Hecaviator
Active member
https://covid19.healthdata.org/projections
Projections updated...
Projected total deaths down to 80k. And it also predicts a much sooner end to the outbreak.
I truly hope the lower projections you cite pan out, but caution might be advised for several reasons:
1. The epidemiological models I've been able to find and read about on line are based on assumptions of preemptive and mitigation measures that may or may not be applied or maintained. It is hard to factor in the uncertainties evident in the current climate where there is no centralized (federal) management of such measures in the USA. It is still pretty much the Wild West in terms of policies and practices.
2. Models use data. Beware of garbage in - garbage out. The reporting of confirmed cases and deaths by the various states and local governments in the USA is probably better than much of the data coming in from around the world. (There are a lot of questions to be raised about the reporting and data from other parts of the world. Some of it just doesn't make sense.) There is likely to be some garbage involved in the data here in the USA. At this point, it's just a question of how much and how quickly it can be weeded out.
3. Testing in the USA has been an abysmal failure so far. Contact tracing, and sustained follow up beyond initial tracing, isn't any better in most states. For that matter, with a few exceptions like Germany and New Zealand, testing and derivative measures like contact tracing in other parts of the world hasn't been very good either. That has a direct bearing on the problem of garbage in - garbage out when modeling. Even the experts don't have a clear idea what they are dealing with, as admitted by Dr. Fauci. I think the word he used is "struggling". We used to call this situation WBG - we be guessin'. Not a pretty thought when you consider the situation we're in. Like I noted previously, you can't manage what you can't measure.

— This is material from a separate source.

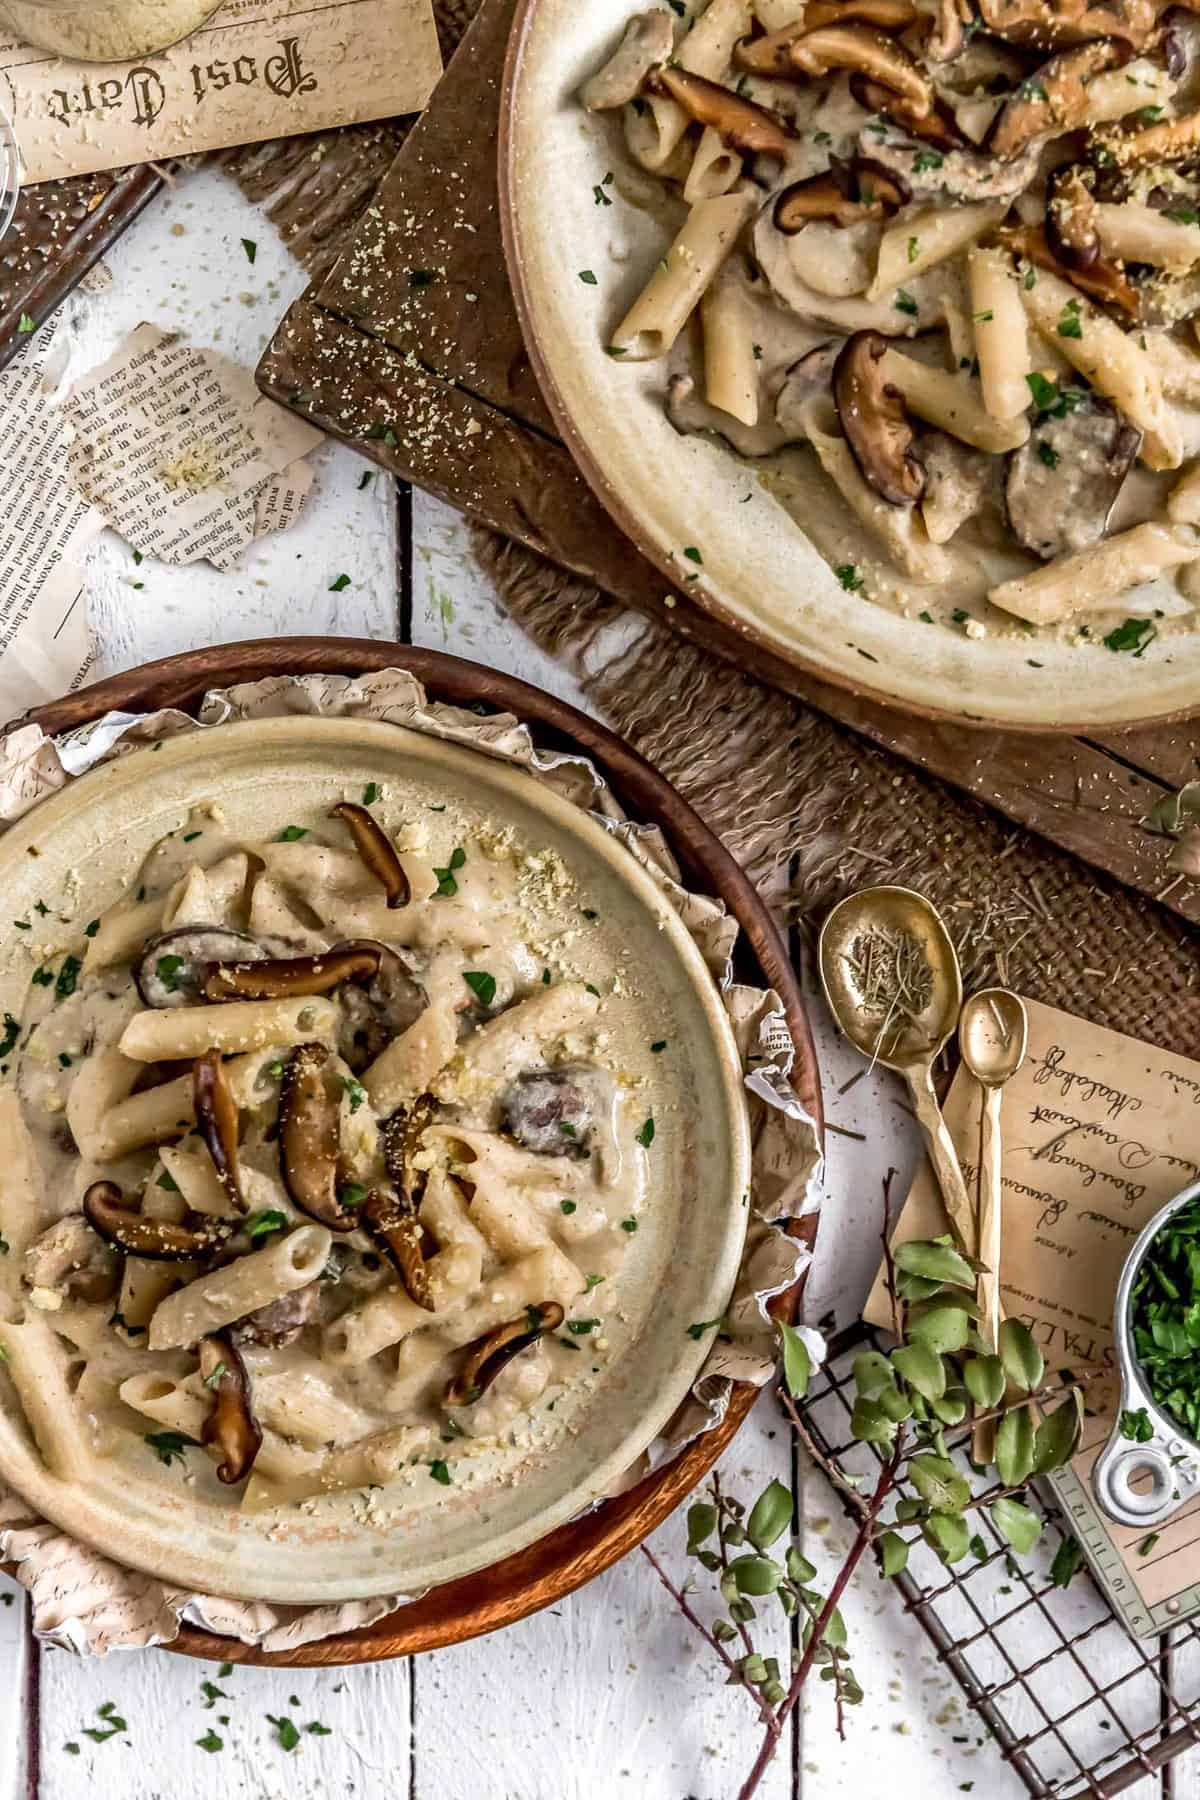 Plates of Creamy Herb Mushroom Pasta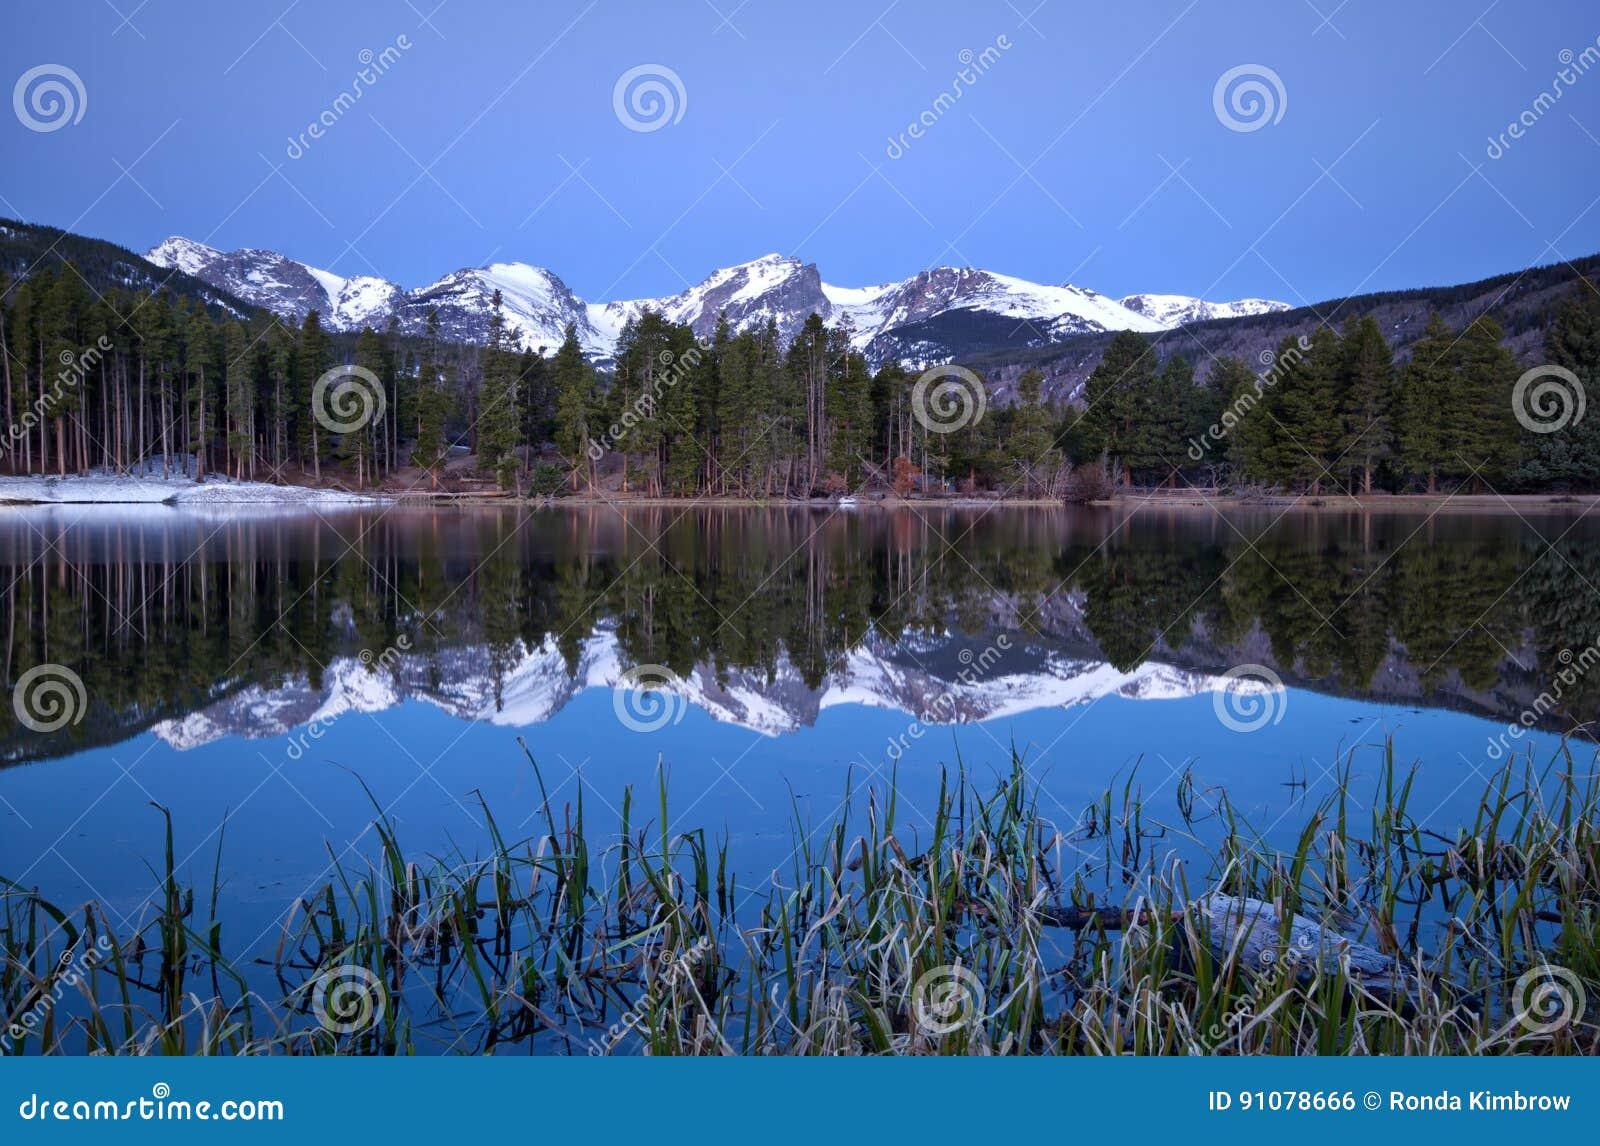 Gry Pre bilden av den kontinentala skiljelinjen och en Sprague Lake refl

4. What data is being widely reported (e.g., the John Hopkins U. reporting), appears to be based solely on "confirmed" infections and deaths. It is reported by various sources. That may inject another wildcard into the modeling, the reliability of those sources. We don't know what quality control is being applied to the data sources. It also ignores the 800 lb gorilla in the room: there doesn't seem to be anything credible regarding the extent of unconfirmed cases. Given that some unknown portion of those persons infected are asymptomatic (and therefore aren't getting tested), but are capable of passing on the virus to others without knowing it, you have a hidden component of the overall infection rate. That will likely sustain the spread of the virus to some unknown degree. That is totally speculative, but could potentially increase the peak and lengthen the curve. It basically blinds the modeling, i.e., unless someone has figured out what the unconfirmed incidence of infections is with some reliability, the model has a blind spot. That hidden portion of the total extent of infection is coupled with the testing debacle, and won't get resolved until testing can be statistically reconciled to account for both confirmed and unconfirmed infections. That can only be done by testing in numerous geographical regions, not one or two. You wouldn't want to model based only on Wyoming or only on New York City. Trying to apply tailored modeling to all of the states individually (or to local areas) without statistical accounting of the "unconfirmed" incidence of infection is a big ask. Maybe that uncertainty is fully reflected in the broad ranges shown in the modeling. Maybe not.
5. Treatment via a new vaccine or use of other drugs is uncertain and very speculative in terms of timing and effectiveness. Any reliable and properly validated vaccine is probably not just over the horizon, which is why none of the models I've seen account for it in any way. I suppose we can hope for a miracle, though that would seem to be intruding on the space already preempted by the federal government.
IMO, this has been a total cluster up to this point and seems likely to continue for a while. All we can really do is be kind to each other and hang on. And at least do what Drs. Fauci and Birx suggest.